──────── RECORDS SUPPLIED ────────
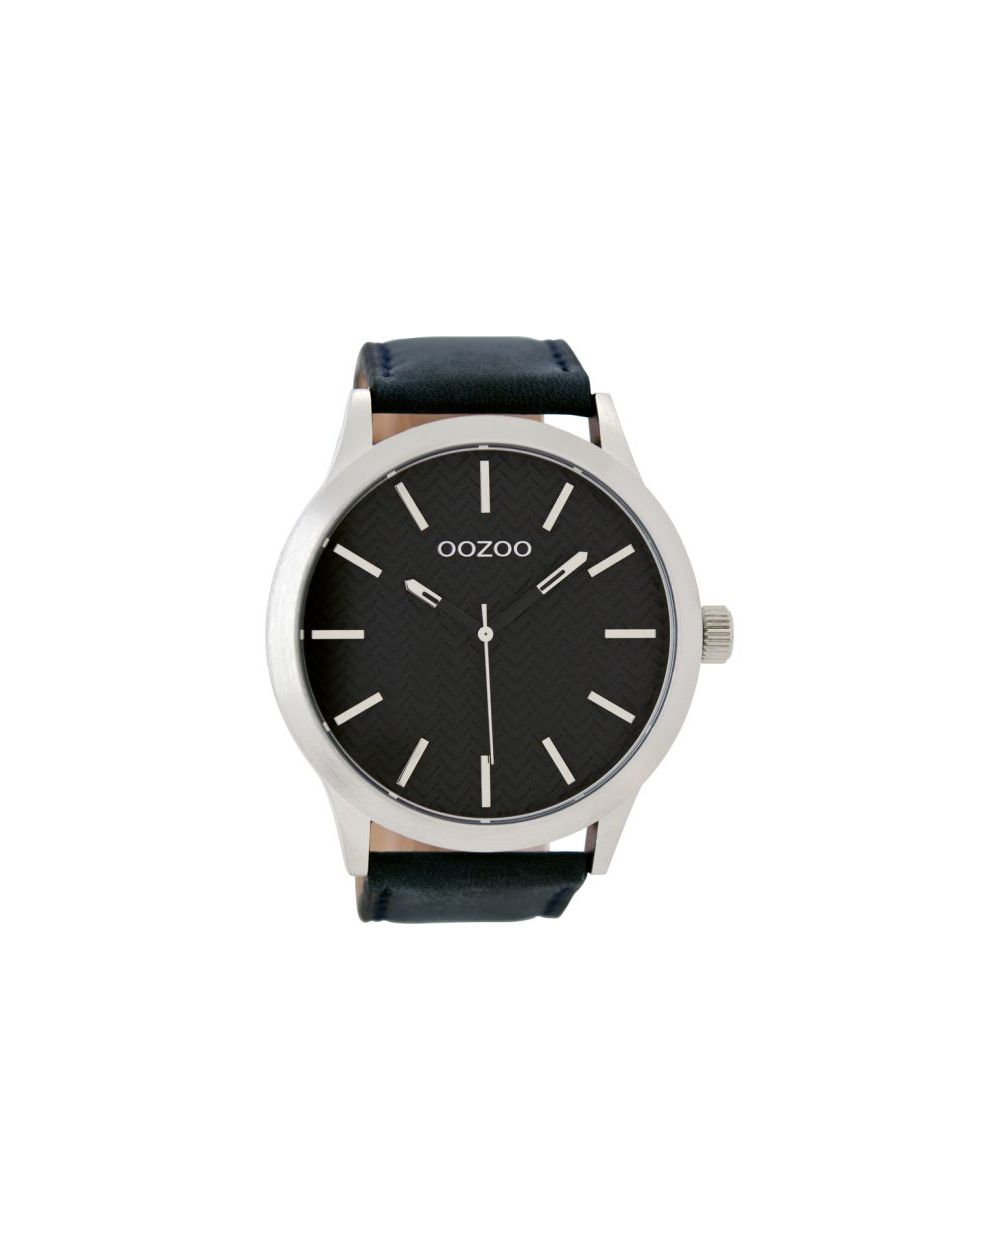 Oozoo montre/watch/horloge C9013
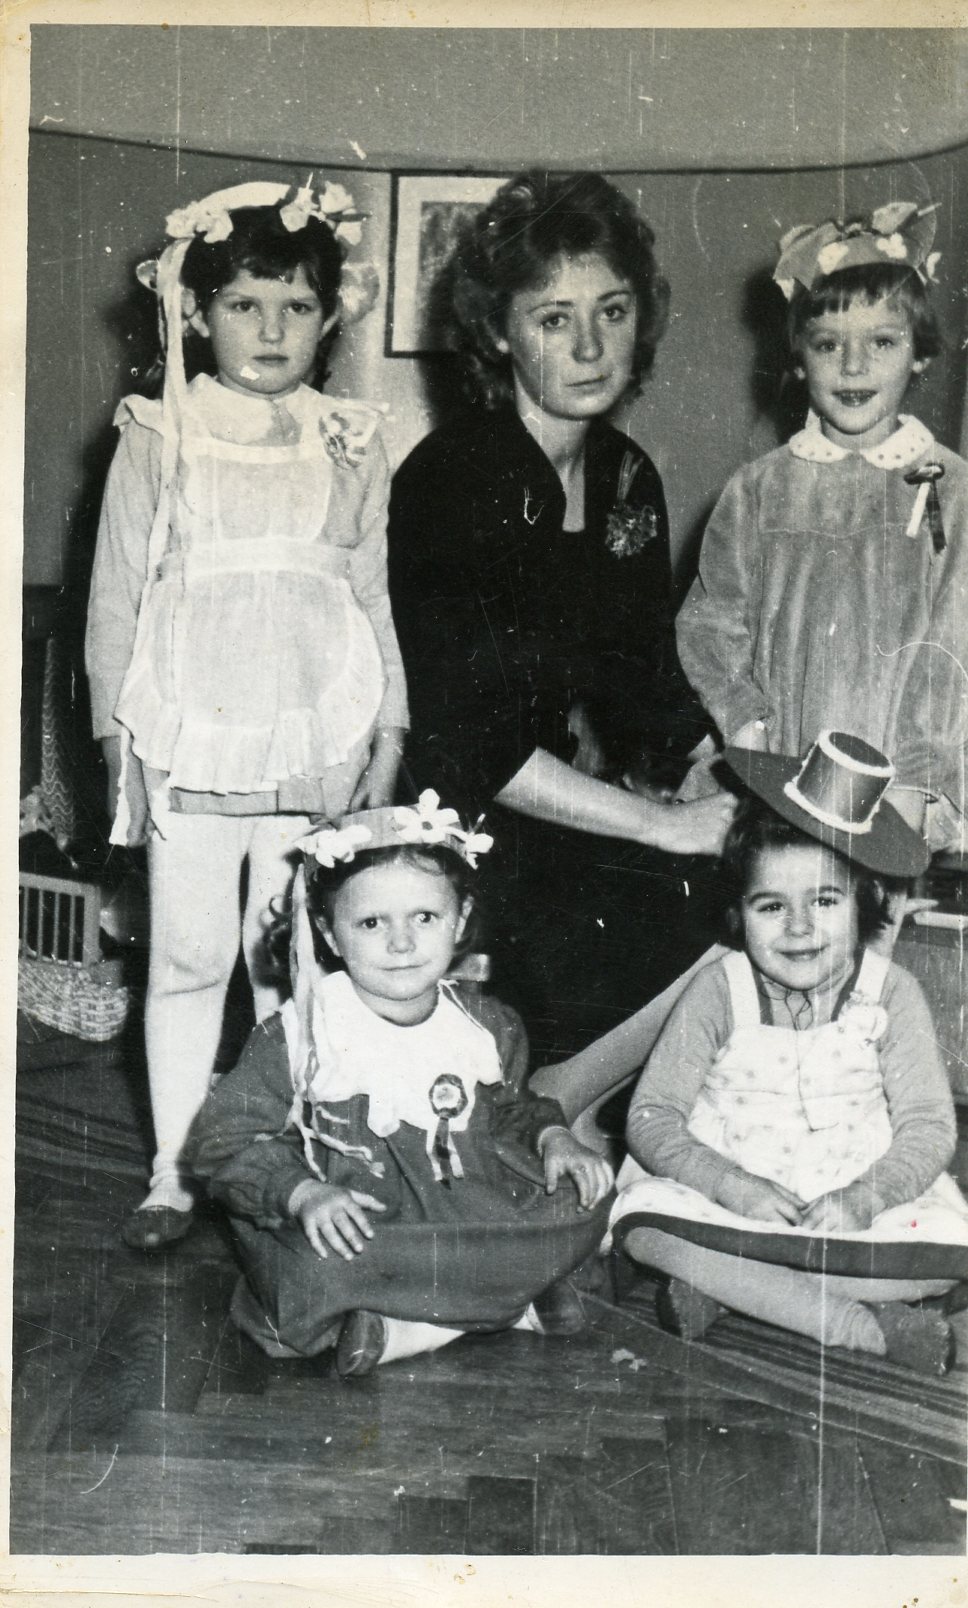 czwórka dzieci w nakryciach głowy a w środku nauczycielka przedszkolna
────────
──────── RECORDS SUPPLIED ────────
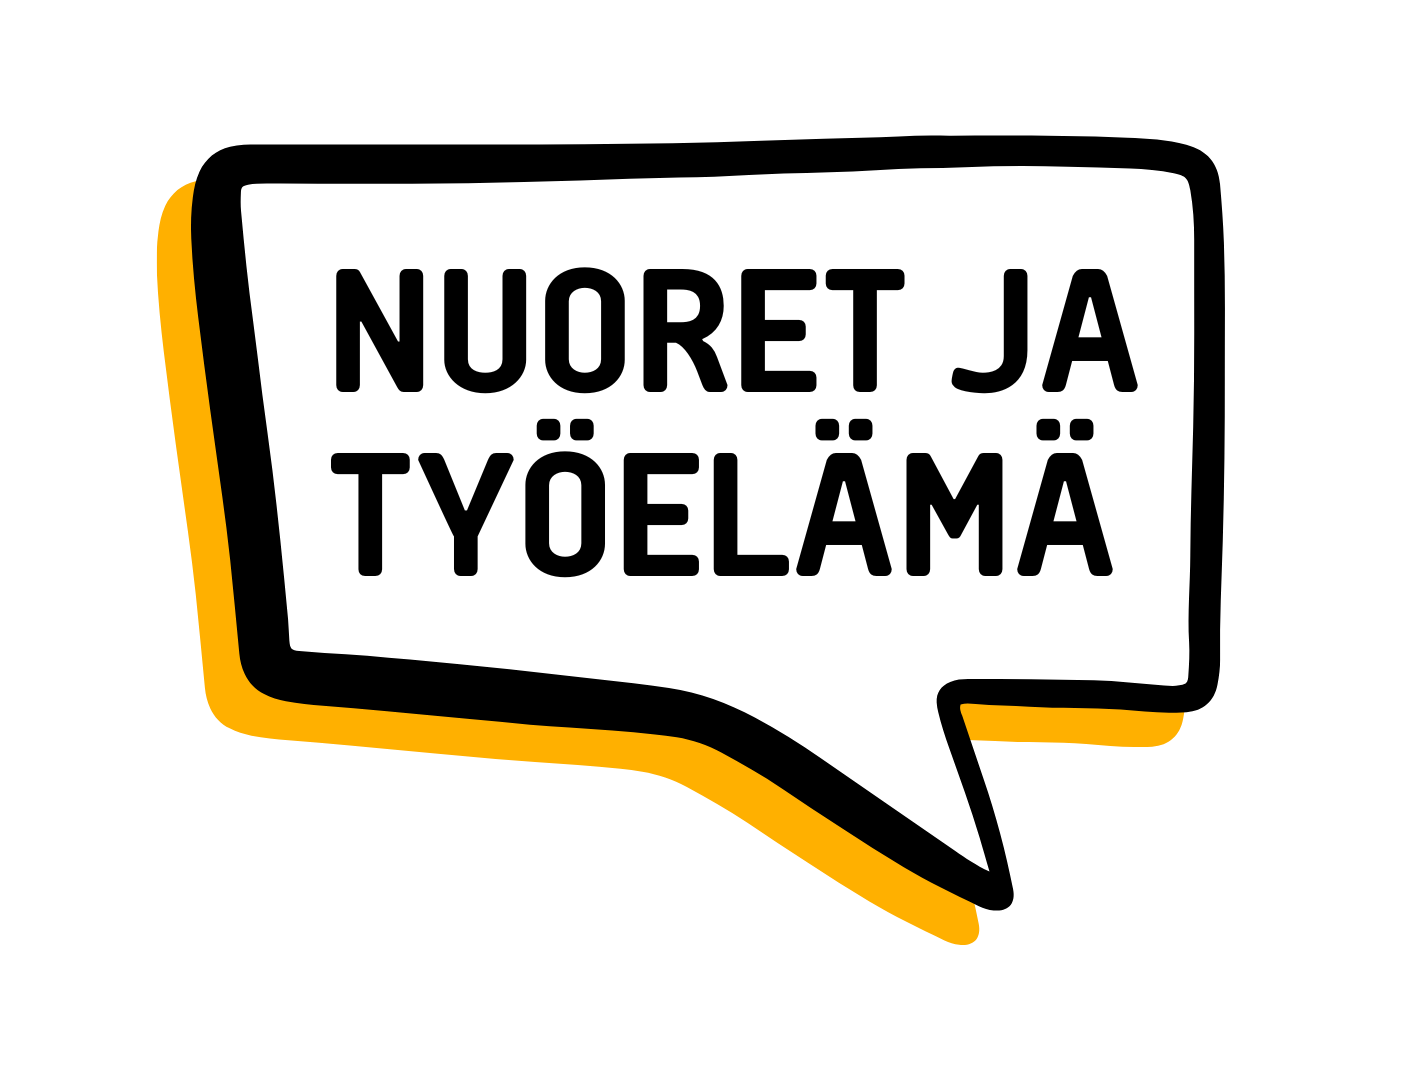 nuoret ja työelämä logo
────────
──────── RECORDS SUPPLIED ────────
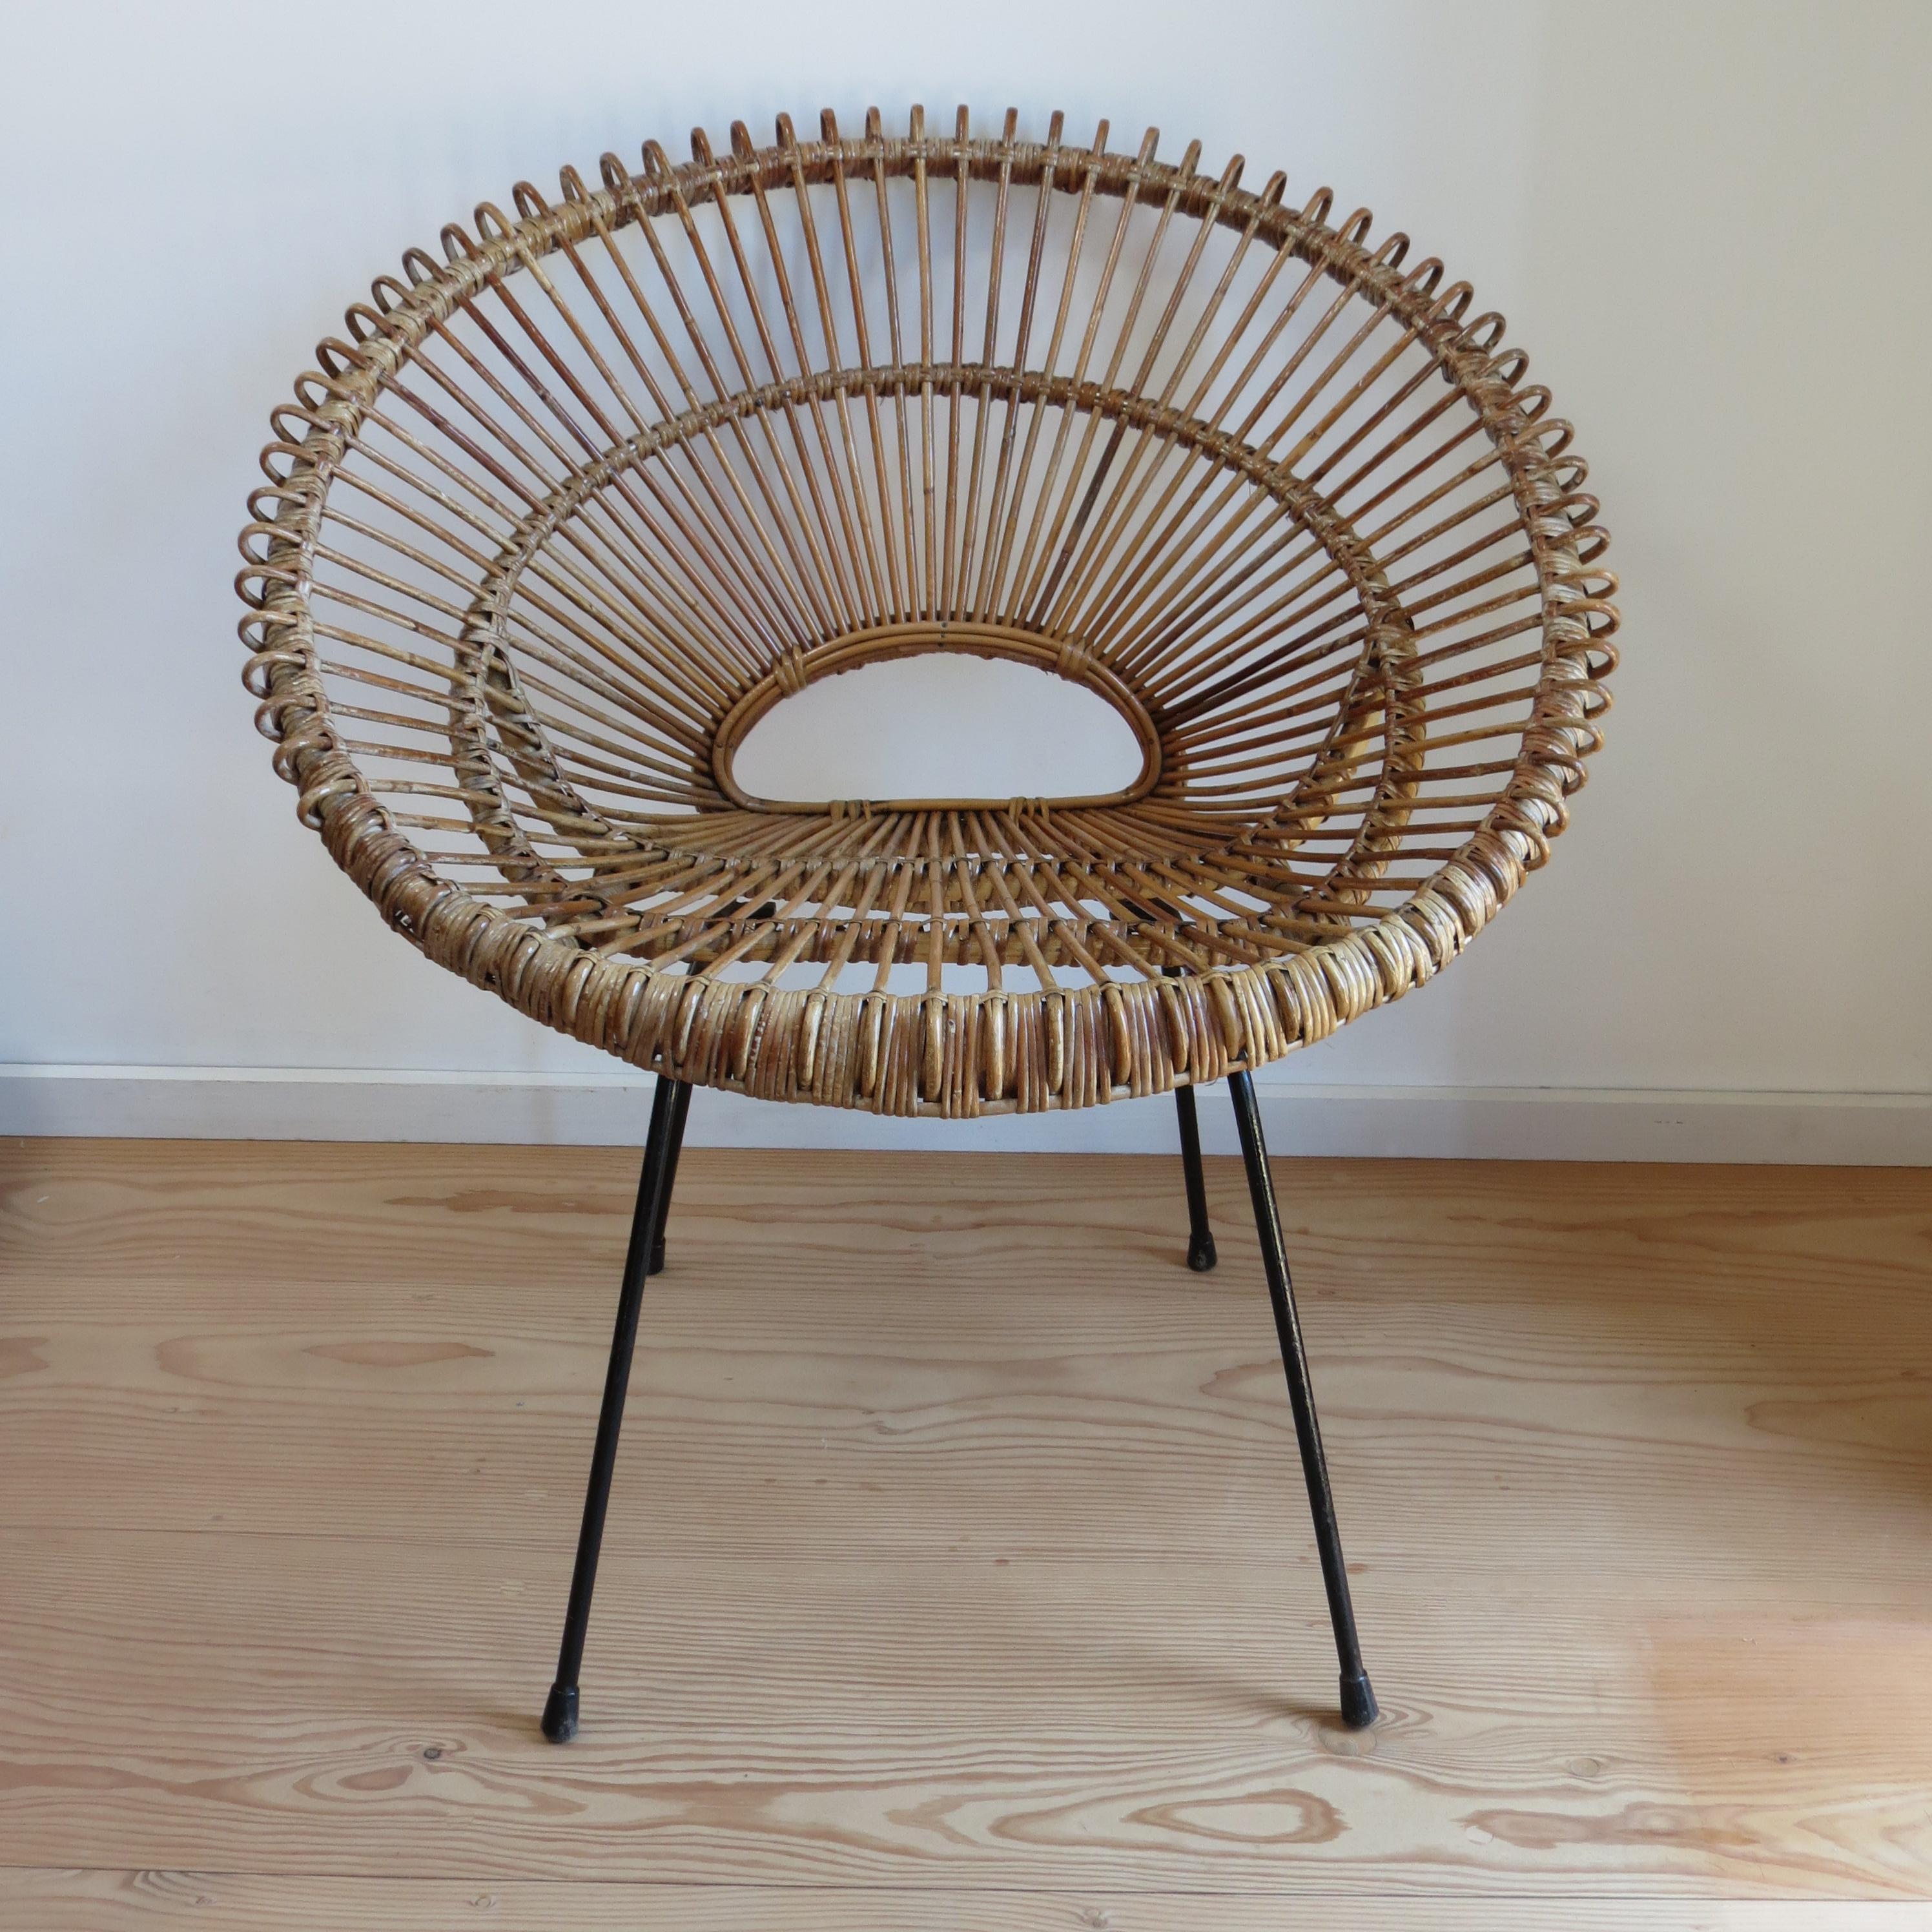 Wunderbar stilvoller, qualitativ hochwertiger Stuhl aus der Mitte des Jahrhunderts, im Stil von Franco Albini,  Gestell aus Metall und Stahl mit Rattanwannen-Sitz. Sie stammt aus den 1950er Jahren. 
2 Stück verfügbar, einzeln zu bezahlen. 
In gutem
────────
__EXERCISE DESCRIPTION__:
Set the pictures aside and transcribe exactly the stretch of lines above, beginning with the one holding "Oozoo montre/watch/horloge C9013" and ending with the one holding "czwórka dzieci w".

__RESPONSE__:
 Oozoo montre/watch/horloge C9013
 czwórka dzieci w nakryciach głowy a w środku nauczycielka przedszkolna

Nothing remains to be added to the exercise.